В Праге родился сын Цветаевой – Георгий; в ноябре 1925 года Цветаева и Эфрон перебралась в Париж. Там, в 1928 году, вышла последняя поэтическая книга – «После России». «Для других я еще – Кастальский ток, для себя – иссякла, – записала Цветаева в черновой тетради. – Эмиграция делает меня прозаиком». Дочь рассказывала позже о том, как она работала: «Отметя все дела, все неотложности, с раннего утра, на свежую голову, на пустой и поджарый живот. Налив себе кружечку кипящего черного кофе, ставила ее на письменный стол, к которому каждый день своей жизни шла, как рабочий к станку – с тем же чувством ответственности, неизбежности, невозможности иначе. Все, что в данный час на этом столе оказывалось лишним, отодвигала в стороны, освобождая, уже машинальным движением, место для тетради и для локтей. Лбом упиралась в ладонь, пальцы запускала в волосы, сосредотачивалась мгновенно, глохла и слепла ко всему, что не рукопись, в которую буквально впивалась острием мысли и пера…»

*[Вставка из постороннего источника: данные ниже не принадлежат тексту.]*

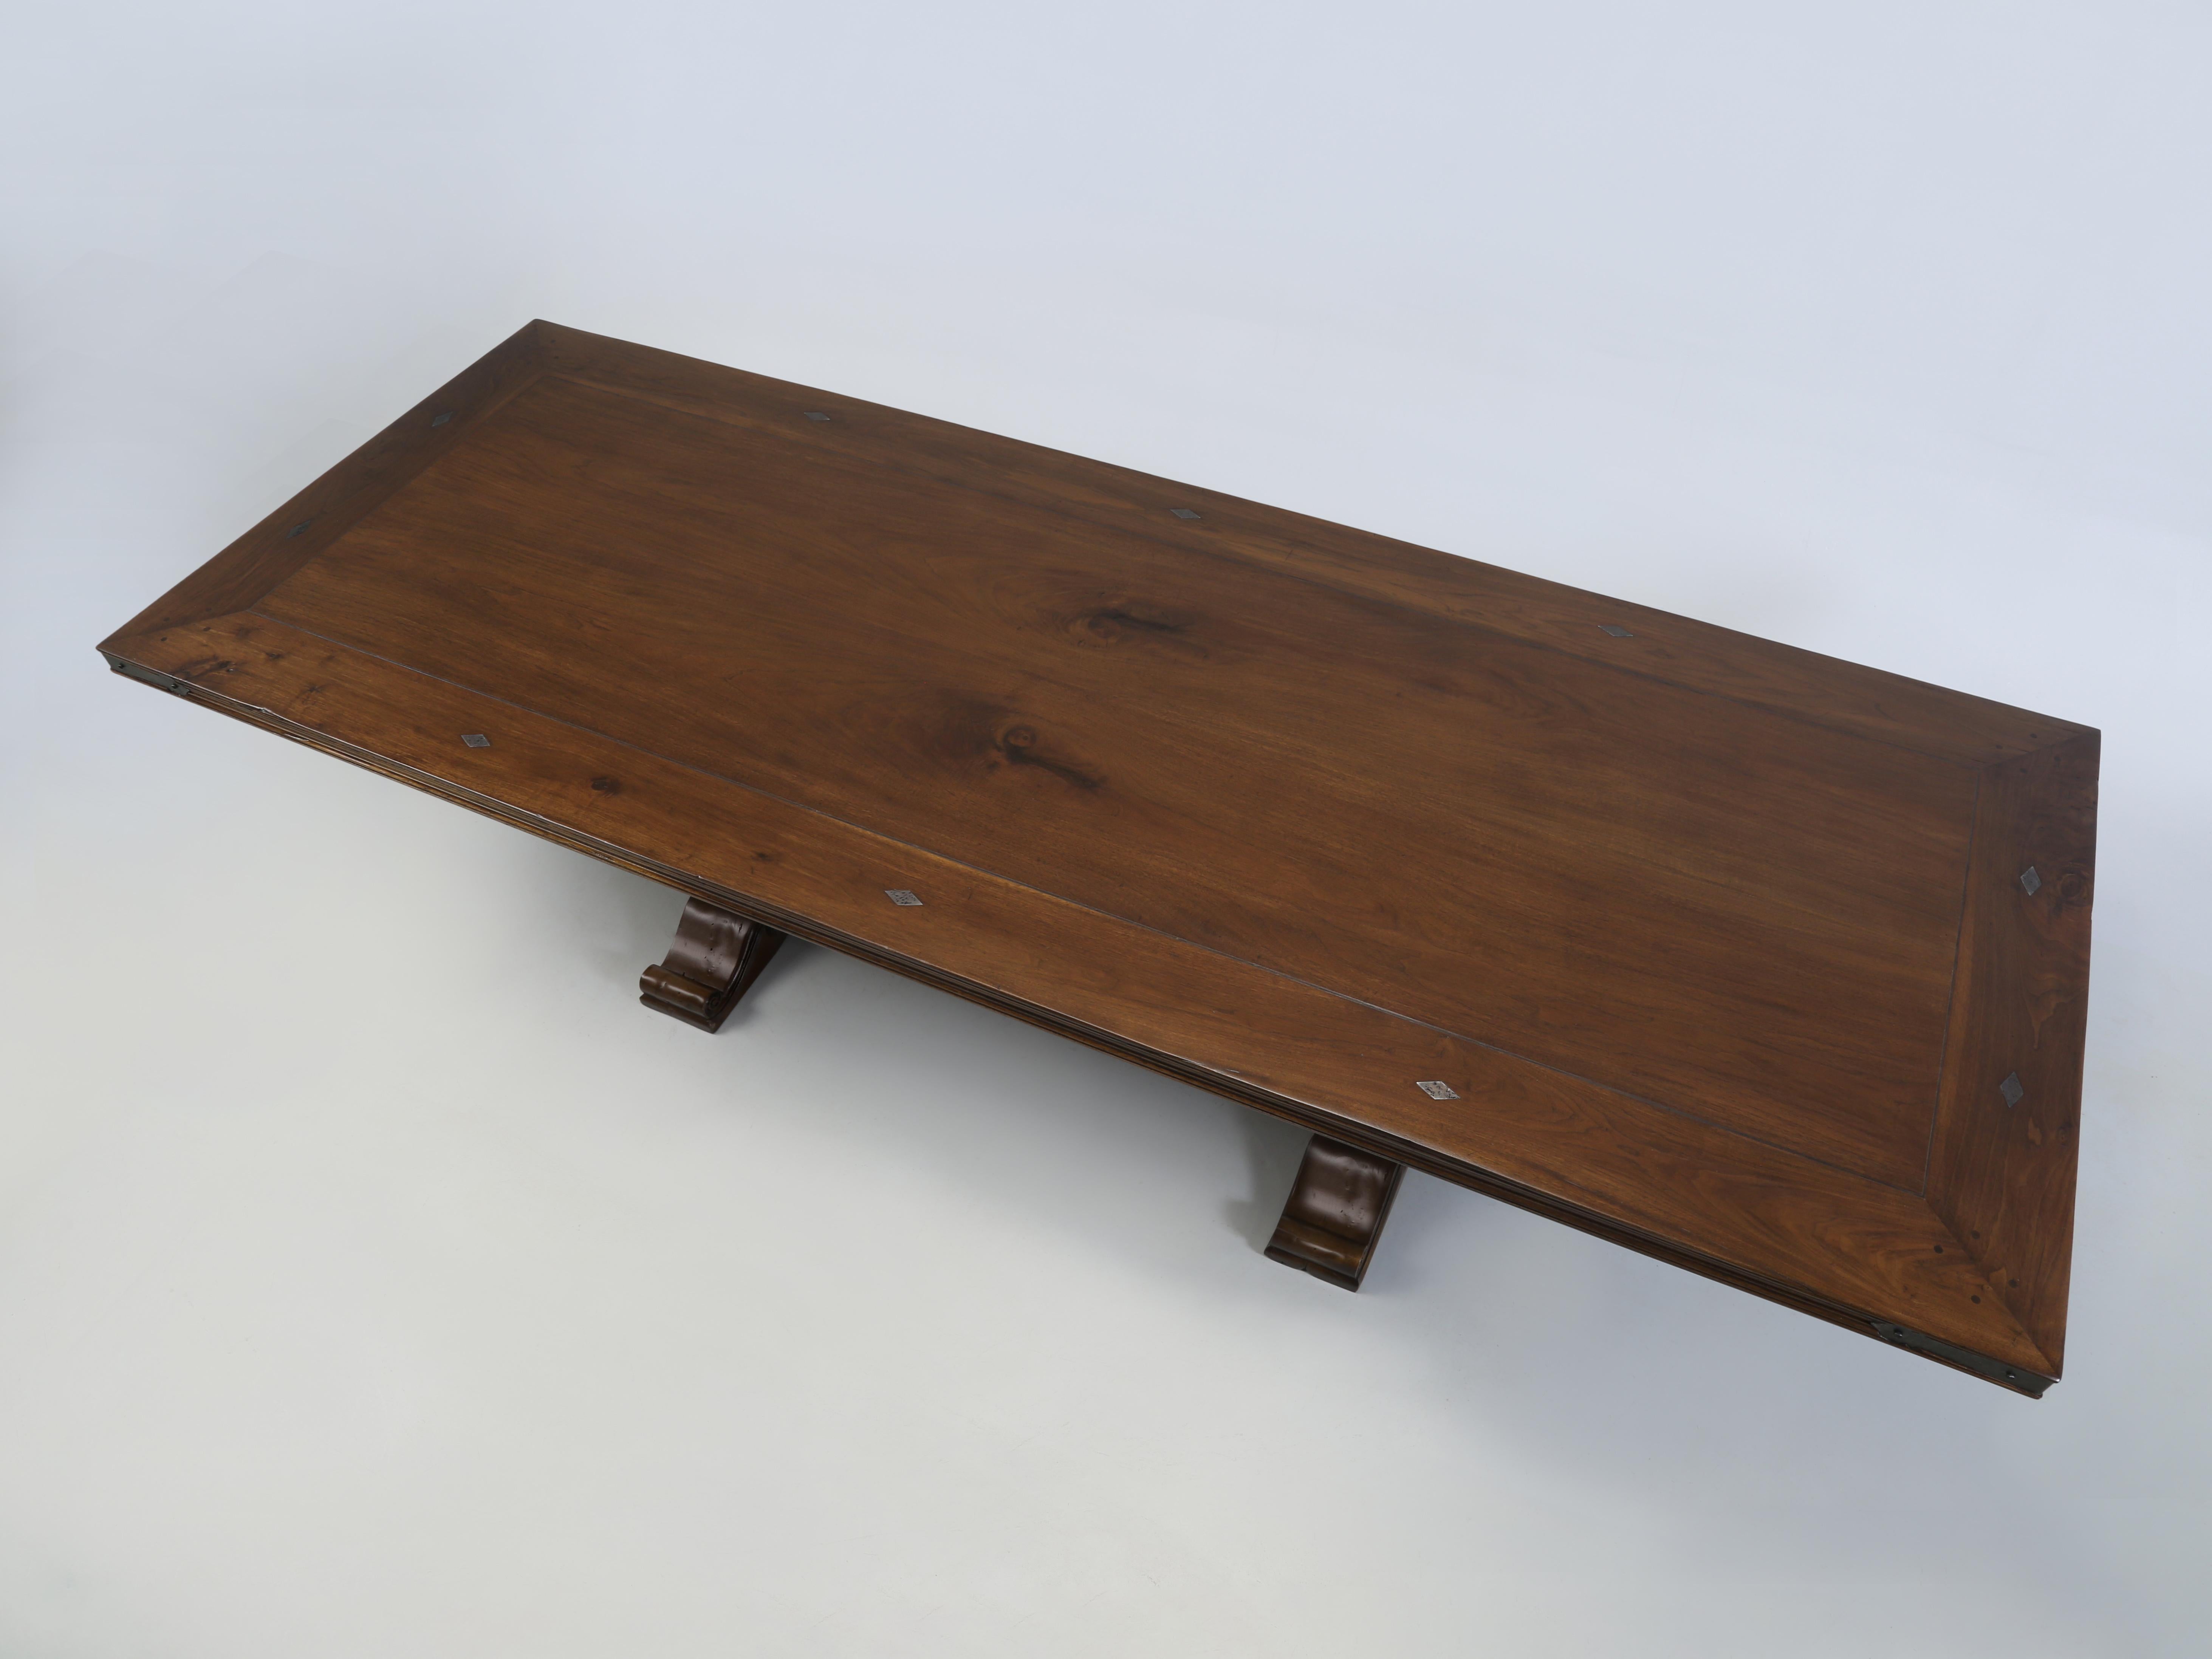 Country French Inspired Walnut Dining Table made by Old Plank in our woodworking department and of course, available in any dimension or finish you desire. We came across this classic Country French Design Walnut Dining Table, while visiting The

Друзей у Цветаевой оставалось все меньше. Встретив в июне 1935 года Бориса Пастернака, приезжавшего в Париж в составе советской делегации на антифашистский конгресс, Цветаева была ужасно разочарована – до слез. «А плакала я потому, – объясняла она в письме Н. Тихонову, – что Борис, лучший лирический поэт нашего времени, на моих глазах предавал Лирику, называя всего себя и всё в себе – болезнью. (Пусть – „высокой“. Но он и этого не сказал. Не сказал также, что эта болезнь ему дороже здоровья и, вообще – дороже – реже и дороже радия. Это ведь мое единственное убеждение: убежденность)». Разочарование усилилось, когда Пастернак в феврале 1936 года выступил на Пленуме советских писателей в Белоруссии. В этом выступлении он обещал в скором будущем коснуться неких новых тем и положений, общих для всех, хотя оговаривался, что будет пока писать «плохо с прежней своей точки зрения»… Пока не свыкнется с новизной… «Ты был бы собой, – писала Цветаева Пастернаку, – если бы на своем пленуме провозгласил юношеское вещание, сорокалетнее безумие и бессрочное бессмертие Гёльдерлина… Но ты – слаб… Ты, к сожалению – лиана (которая не помнит своей Африки)… То, что у вас считается бесстрашием (очевидно так надо понимать твою речь) – не у „нас“ (у нас – нет), не у нас, в Париже, а у нас – в Лирике… Ничего ты не понимаешь, Борис… Ты, Орфей, пожираемый зверями: пожрут они тебя…»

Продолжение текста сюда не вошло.